If it should return XPATH_NODESET (as in your case) its make a node copy - node by node iterating throw detected node set( \\ext\\dom\\xpath.c from 468 line). 如果它应该返回XPATH_NODESET (如你的情况那样), XPATH_NODESET做一个节点拷贝 - 逐个节点迭代抛出检测到的节点集(从468行开始的\\ext\\dom\\xpath.c )。 Copy but with original document node as parent . 复制但原始文档节点为父级 Its means that you can modify result but this gone away you XPath and DOMDocument connection. 它意味着您可以修改结果但这消失了您的XPath和DOMDocument连接。

XPath results provide a parentNode memeber that knows their origin: XPath结果提供了一个知道其来源的parentNode memeber:

  • for attribute values, parentNode returns the element that carries them. 对于属性值,parentNode返回携带它们的元素。 An example is //foo/@attribute, where the parent would be a foo Element. 一个例子是// foo / @ attribute,其中父元素是foo元素。
  • for the text() function (as in //text()), it returns the element that contains the text or tail that was returned. 对于text()函数(如在// text()中),它返回包含返回的文本或尾部的元素。
  • note that parentNode may not always return an element. 请注意,parentNode可能并不总是返回一个元素。 For example, the XPath functions string() and concat() will construct strings that do not have an origin. 例如,XPath函数string()和concat()将构造没有原点的字符串。 For them, parentNode will return None. 对于他们,parentNode将返回None。

So, 所以,

  1. There is no any reasons to cache XPath . 没有任何理由缓存XPath It do not anything besides xmlXPathNewContext (just allocate lightweight internal struct ). 它除了xmlXPathNewContext之外没有任何东西(只是分配轻量级内部结构 )。
  2. Each time your modify your DOMDocument (removeChild, replaceChild, etc.) your should recreate XPath . 每次修改DOMDocument (removeChild,replaceChild等)时,都应该重新创建XPath
  3. We can not use something like normalizeDocument to "refresh DOM" because of it change internal document structure and invalidate xmlXPathNewContext created in Xpath constructor. 我们不能使用像normalizeDocument这样的东西来“刷新DOM”,因为它改变了内部文档结构并使在Xpath构造函数中创建的xmlXPathNewContext无效。
  4. Only "new DOMXpath($doc);" 只有“新的DOMXpath($ doc);” is allways secure? 总是安全吗? Yes, if you do not change $doc between Xpath usage. 是的,如果你没有在Xpath使用之间更改$ doc。 Need to reload $doc also - no, because of it invalidated previously created xmlXPathNewContext . 还需要重新加载$ ​​doc - 否,因为它使以前创建的xmlXPathNewContext无效。
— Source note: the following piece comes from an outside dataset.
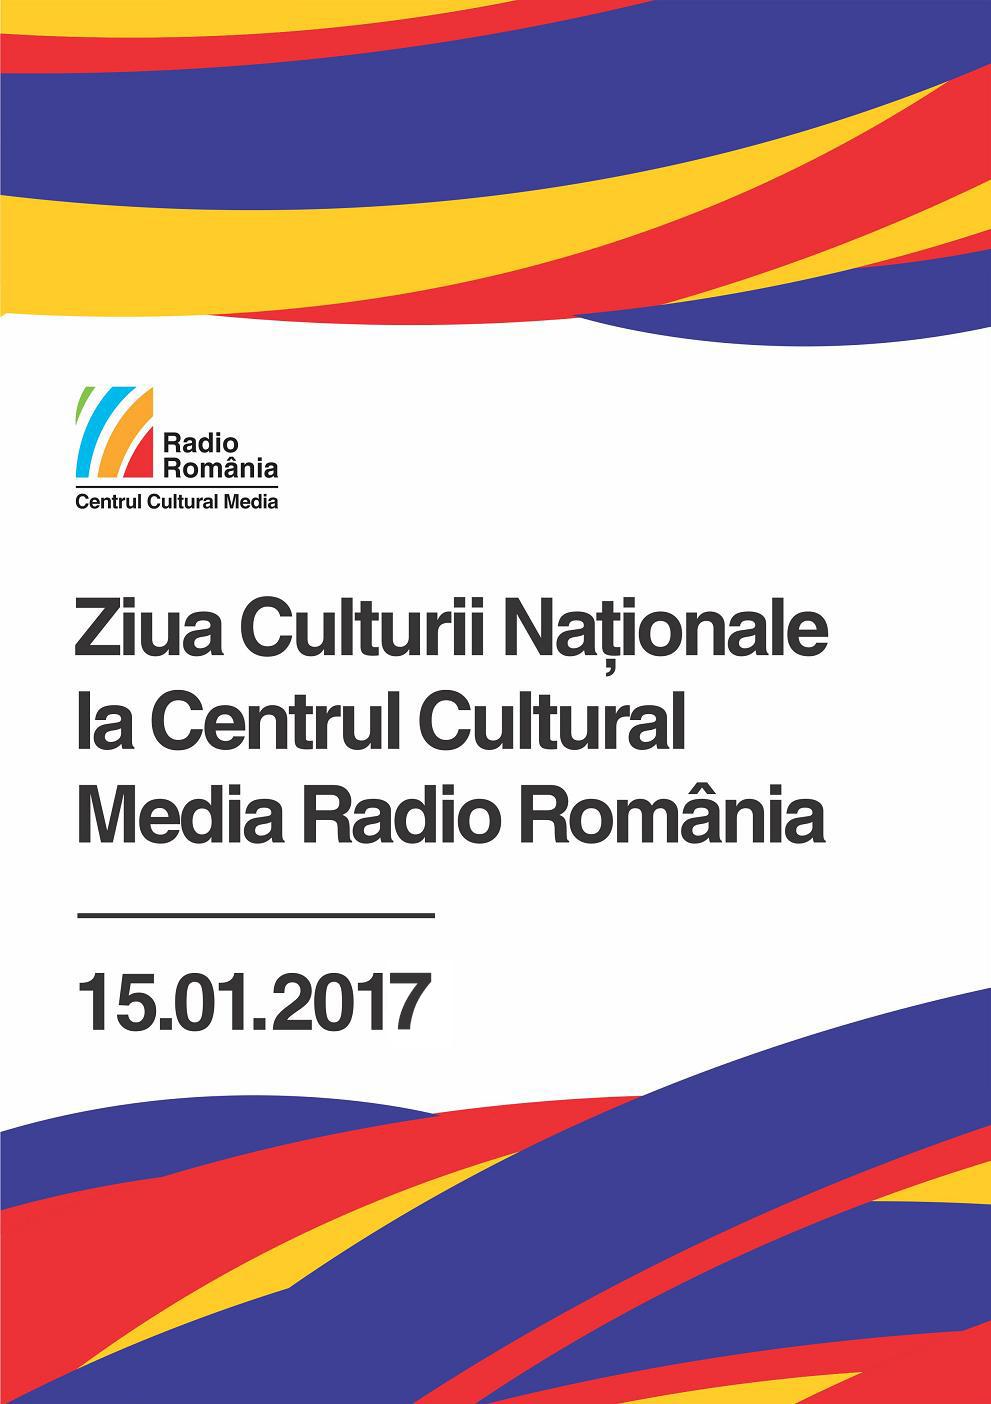 ziua-culturii-2017

(this is not a real answer, but a consolidation of comments and answers posted here and related questions) (这不是一个真正的答案,而是在此处发布的评论和答案的合并及相关问题)
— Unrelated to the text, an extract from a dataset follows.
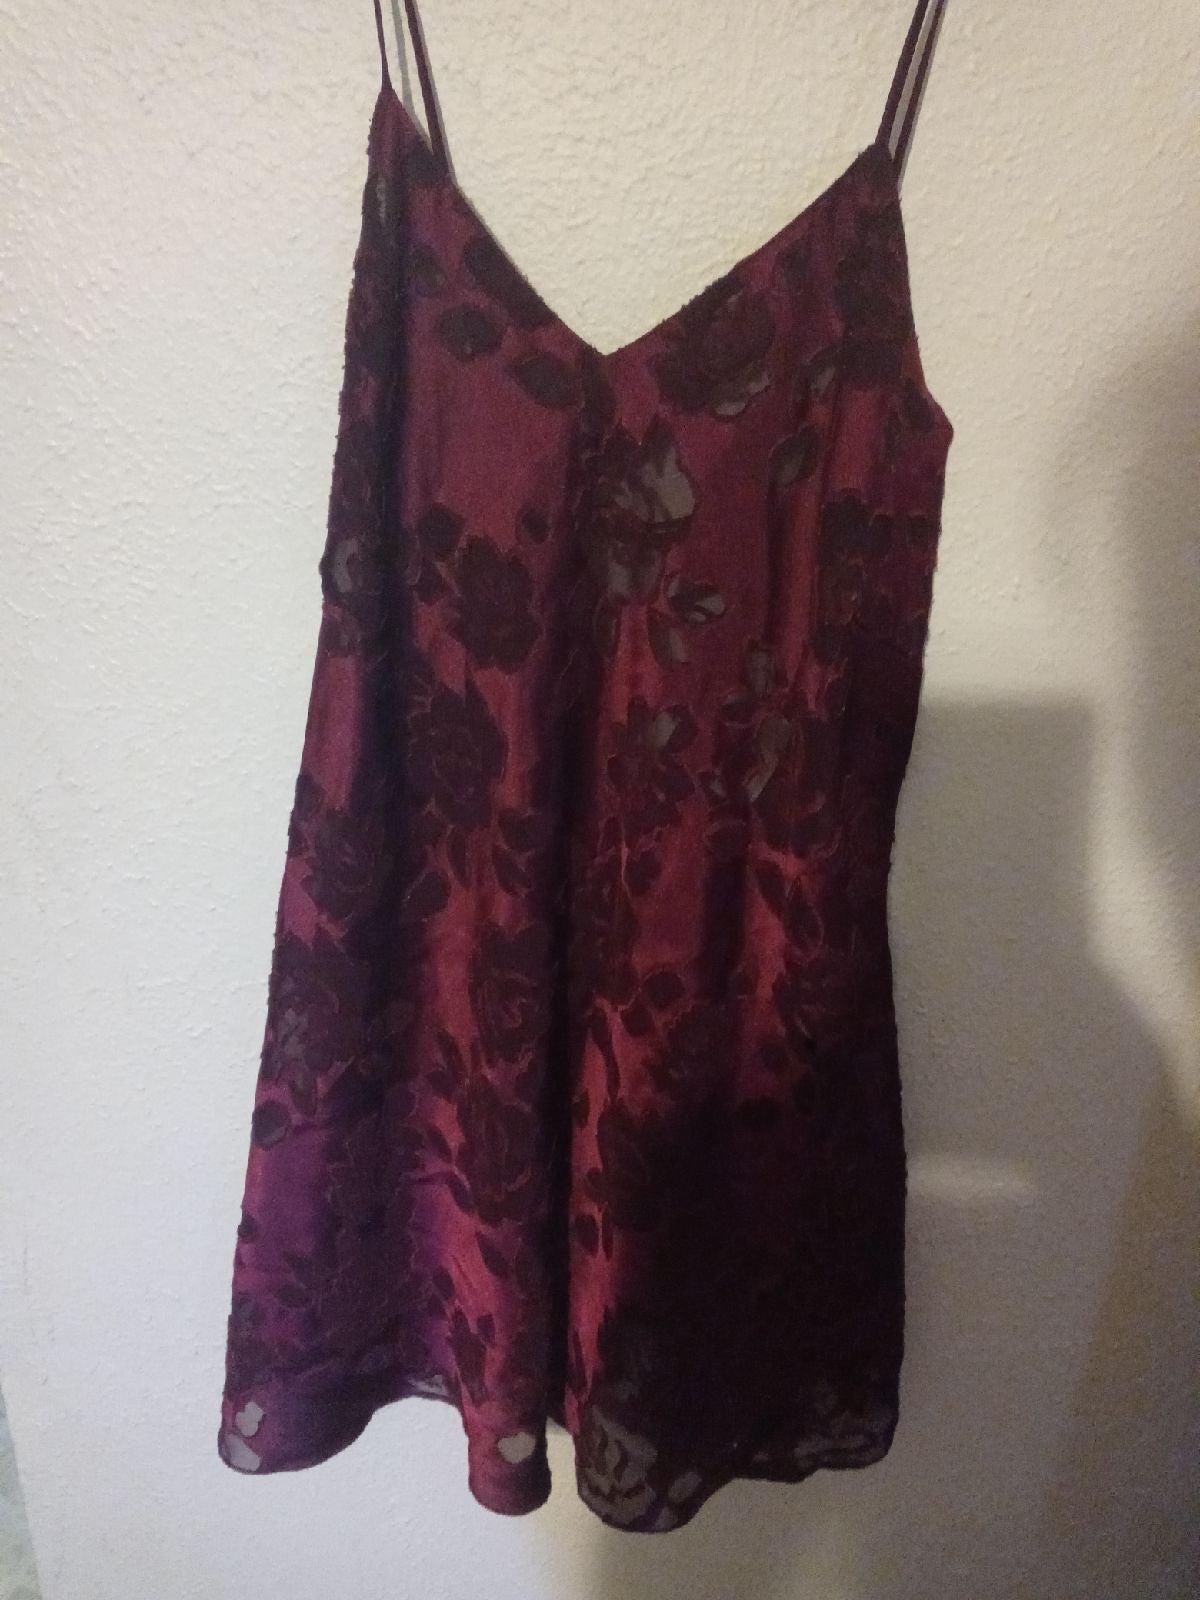 Vintage Victorias secret slip night gown

This new version of the question's DOMXpath_reuser function contains the @ThomasWeinert suggestion (for avoid DOM changes by external re- load ) and an option $enforceRefresh to workaround the problem of instability (as related question shows the programmer must detect when ). 问题的DOMXpath_reuser函数的这个新版本包含@ThomasWeinert建议(用于避免外部重新load DOM更改)和一个选项$enforceRefresh来解决不稳定性问题(因为相关问题显示程序员必须检测何时 )。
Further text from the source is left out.